# Cost of making a key?



## Paulski (Nov 16, 2005)

I want to make a copy of the only key I have for my 2000 altima GXE and am curious to what it should cost. I know it has a chip in it so its going to cost more than a hardware store 99 cent key. I tryed one place and they said $70, is this a fair price?
Thanks


----------



## BurtonRW (Apr 19, 2005)

It's probably about what you'd pay from a locksmith (I used to be one). The coding equipment is pricey and the blanks w/ the chips run upwards of $30 a piece. It's a great system, but this is definitely one of the drawbacks. I think eventually the prices from the manufacturers (of the key systems) will come down when everyone is using them.


----------



## WATSON1 (Jul 9, 2005)

I'm the manager at a hardware store, and we sell transponder keys for 55.00 each and we charge 55.00 to program them.


----------



## Darktide (Jul 29, 2004)

$70 from a dealership is a fair price. I've never seen a hardware store sell a transponder key but thats pretty sweet. The spares made at Home Depot or Wal*Mart actually work on the doors. So if you're forgetful like myself you can keep one of those on you and unlock the doors when you lock the real key inside for the 20th or so time.


----------



## WATSON1 (Jul 9, 2005)

It is kinda strange that we sell transpoders, but it was a wild hair I had so I ordered them. I guess we sell alot of them cause we're the only place around that has them. Most of the time it's a ford key that someone is looking for.


----------



## KEITH WILSON (Dec 9, 2005)

*key*



Paulski said:


> I want to make a copy of the only key I have for my 2000 altima GXE and am curious to what it should cost. I know it has a chip in it so its going to cost more than a hardware store 99 cent key. I tryed one place and they said $70, is this a fair price?
> Thanks


thats cheap, I went to Nissan dealership, $82.00. $40.00 for the key and $42.00 to do it. I only have one key so I am going to bite the bullet here soon.


----------



## edge3333 (Sep 30, 2005)

*Ford keys*

My Altima is a 99, and it doesn't have a smart key. But I also have a 2004 Ford F150. I bought a smart blank on Ebay for $10, programmed it myself using the instructions in the owners manual, and had the local lock shop cut it for $1. It cost me $11 to do what the dealer wanted $60 to do!!!


----------



## 72chevy (Jan 2, 2006)

I take it that the Altima doesn't support this self programmability. I've seen the procedure to add extra key fobs but not keys. I just keep the 99cent key in the billfold.


----------



## Nick1225 (Feb 13, 2010)

Hey does anyone know where the chip is inside the Nissan smart key? I have a 2007 Infiniti m45 and I bought a key of of eBay. I just would like to know if I was ripped off. And how could I tell if it is gonna work


----------



## joe_yoh (Feb 9, 2010)

I think it will cost you a hundred. Not sure. lol


----------



## shilpa7 (Feb 13, 2010)

*hi*

Thanks for all sharing information

Attorney Temecul


----------



## Paul L (Mar 2, 2006)

I paid about CAD200 for a 02 Pathfinder key from the dealer. This include the key, cutting and programming and taxes.


----------



## bnorah (Jun 10, 2008)

KEITH WILSON said:


> I only have one key so I am going to bite the bullet here soon.
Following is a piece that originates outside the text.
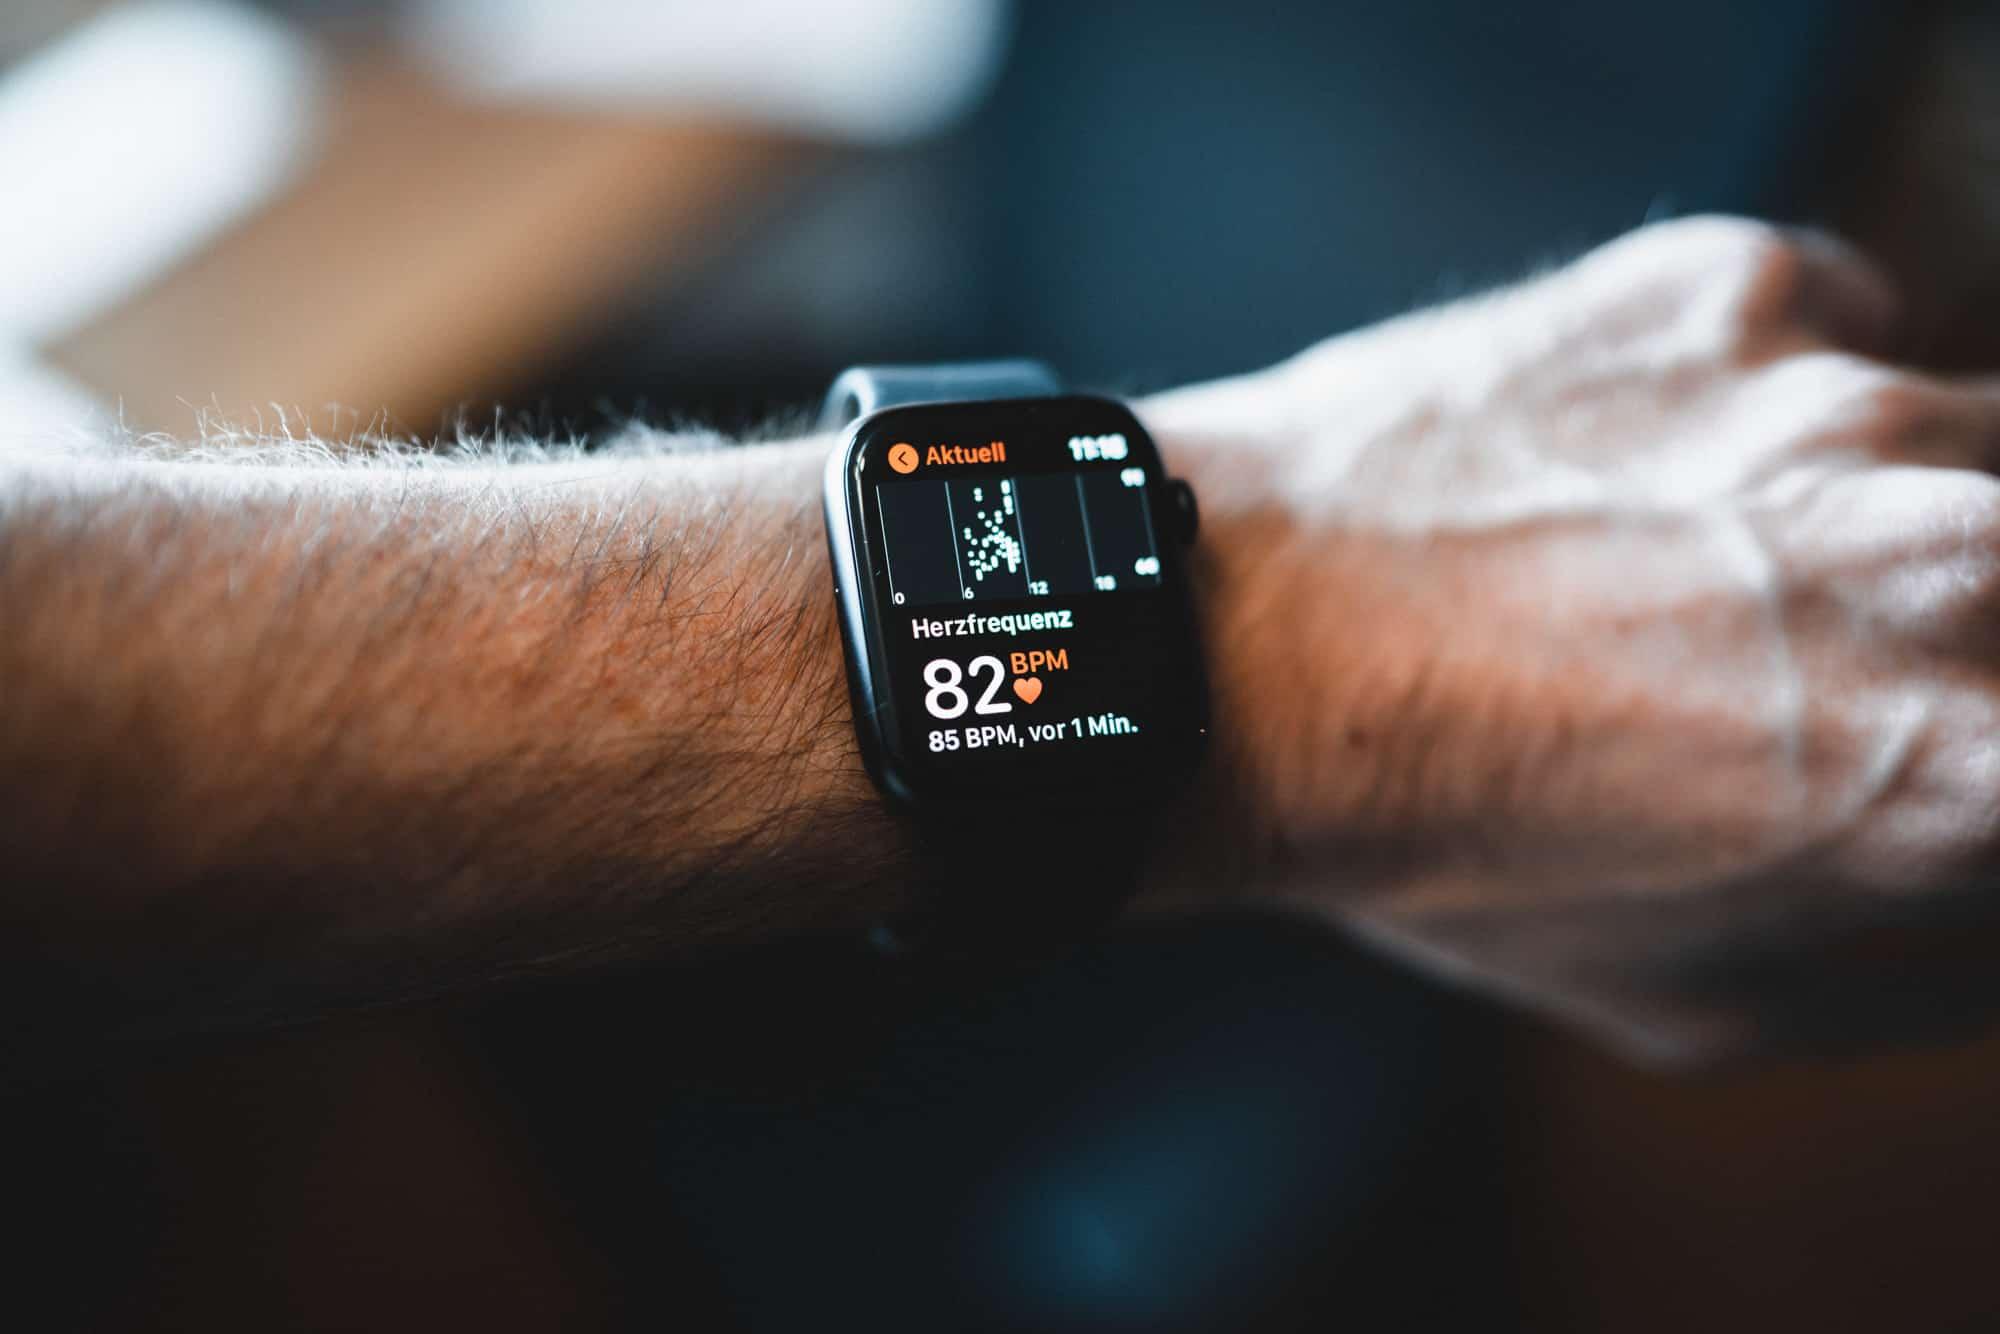 apple_watch_blutdruck_messen_02 Smart Watch Zucker Messen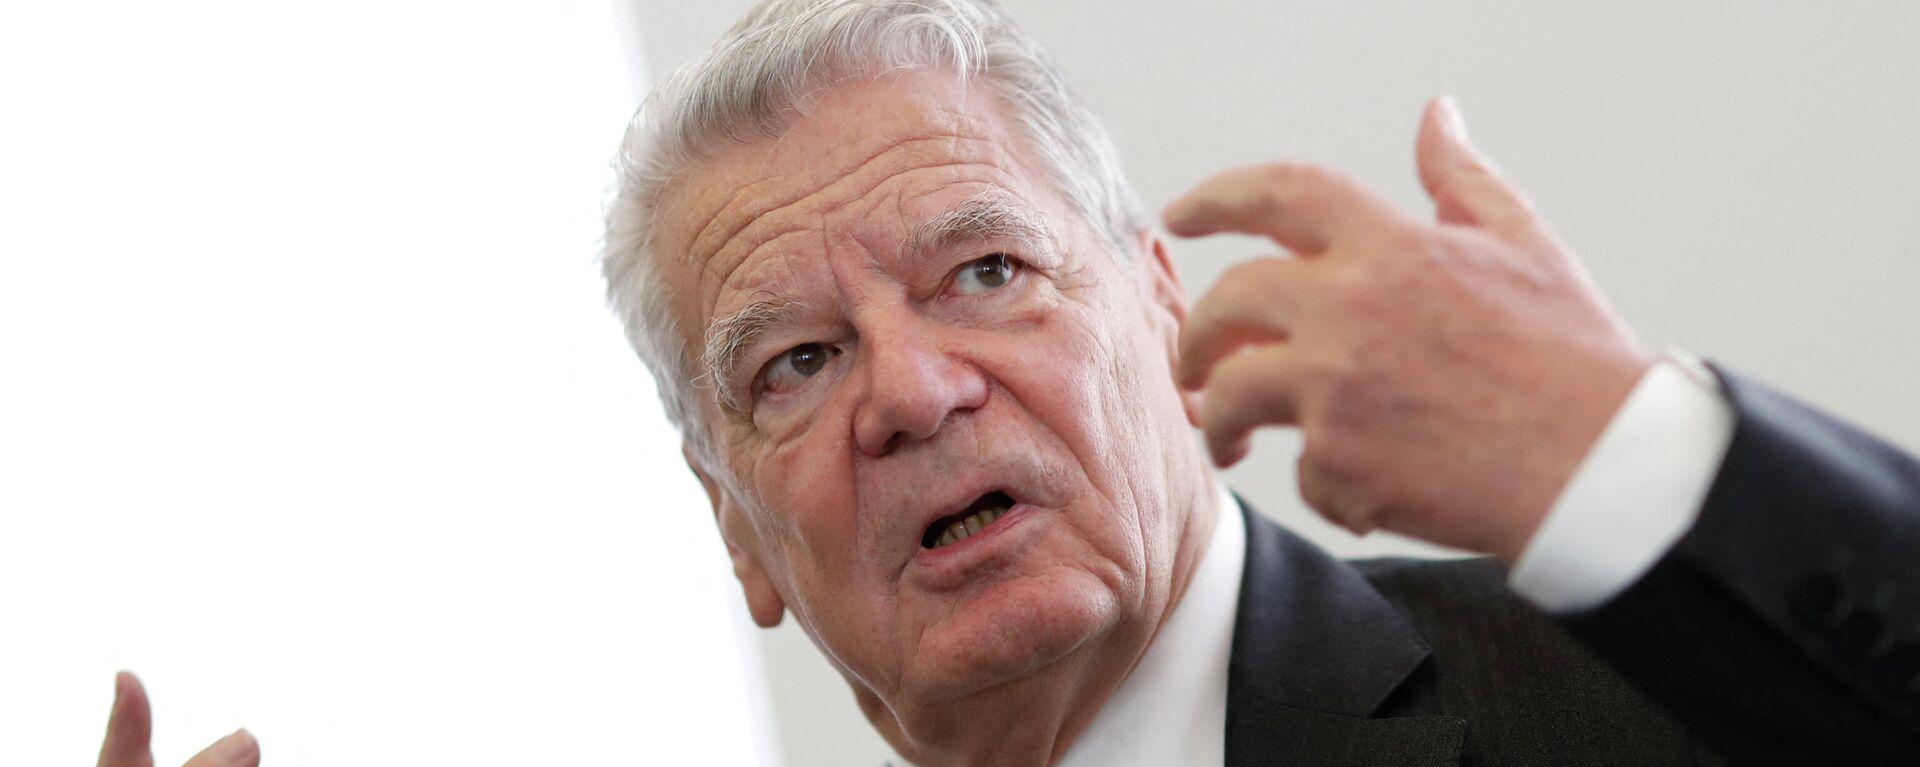 Deutschlands ehemaliger Präsident Joachim Gauck - SNA, 1920, 05.07.2021

Same here. I have ONE key and my parents are always saying I should get a spare ignition key made. I made a spare, but it only works on the door. This is fine because I keep it in my house for emergencies. I'm not even sure if that stupid chip inside my key is functional anymore. I really need to get my security system checked out. Have my horn unplugged because of that. But it's gonna cost a pretty shiny penny to have the alarm disengaged without messing with my car horn.


----------